# Pathfinder Death Wobble on 2001 LE



## GWFL (Apr 26, 2005)

I have just started experiencing this wobble generally at speeds around 50 or over. I've been told different things to resolve the problem from 2 different mechanics who had it up on the lift.
1. Replace rear control arms (4)...bushings bad.
2. Control arms good. Replace rear shocks and front struts.
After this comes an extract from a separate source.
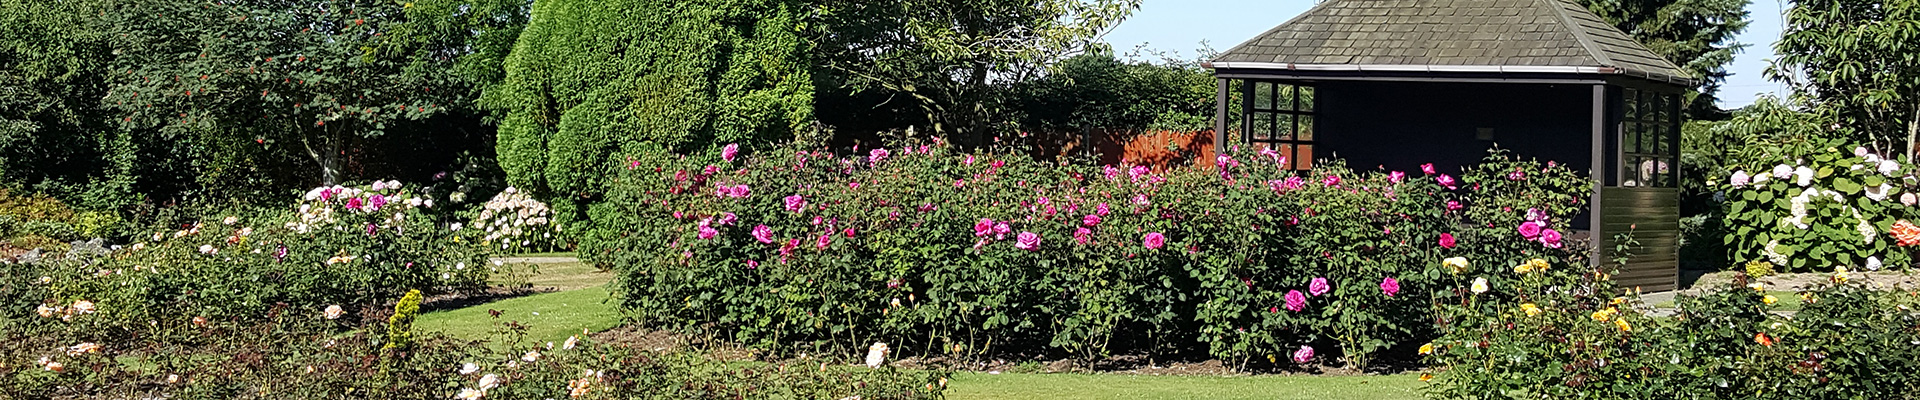 Photograph of flowering roses in the crematorium gardens

Car has 121k on it and driven on flat, smooth Florida roads

After searching this forum it seems the rear control arms bushings generally seem to be the problem but is there any way to tell for sure? I don't want to start throwing money at this for the wrong reasons.

Gary


----------



## smj999smj (Jan 1, 2006)

Jack the vehicle up so that the rear suspension is left hanging. Inspect the bushings for splits. Replacing just the bushings can be a bit of a pain, but does give you the option of using polyurethane bushings. Replacing the links is the easiest way to go and Dorman Products makes them with a lifetime warranty; you can get them at a good price from Rockauto.com. A problem when replacing the rear links that some run into is when the steel collar in the middle of the bushing seizes to the through bolt. In these cases, a torch may be needed.


----------



## GWFL (Apr 26, 2005)

Thanks for that info. The answer may have bee right in front of me all the time. Seems I let my tire air pressure get too low 28-29# and when inflated back up to 34-35# the wobble was gone (after I had put Nitro in I stopped checking pressure). Not sure this is the real fix as the ride is squishy still but I'll replace the rear shocks and then maybe the front struts that are just a little soft and control arms last if needed.

Gary


----------



## qx4'n (Jun 4, 2003)

GWFL said:


> Thanks for that info. The answer may have bee right in front of me all the time. Seems I let my tire air pressure get too low 28-29# and when inflated back up to 34-35# the wobble was gone (after I had put Nitro in I stopped checking pressure). Not sure this is the real fix as the ride is squishy still but I'll replace the rear shocks and then maybe the front struts that are just a little soft and control arms last if needed.
> 
> Gary


I've had the same issue w/my '98 QX. I replaced my shocks and struts. I even rebalanced/rotated tires. This helped some but not totally. I even tow a 14ft fishing boat with it. This also helps minimize the lateral wobble. I am convinced the bushings are culprit and will be replacing them soon.


----------



## GWFL (Apr 26, 2005)

Finally bit the bullet and had all 4 control arms replaced. It drives great now.... the bushings were shot on the old arms. Cost $700. Would like to do the front struts and really firm up the ride.

Gary


----------



## GWFL (Apr 26, 2005)

Went ahead and replaced the front struts and rear shocks and it rides even better now. Smoother over the bumps and a quieter and tighter feel. Plan on keeping it for a few more years so want to get it in good shape. 02 sensors will be next on passenger side when I have the money...been over a year sense the check eng. light came on for them. 127k on it now.

Gary


----------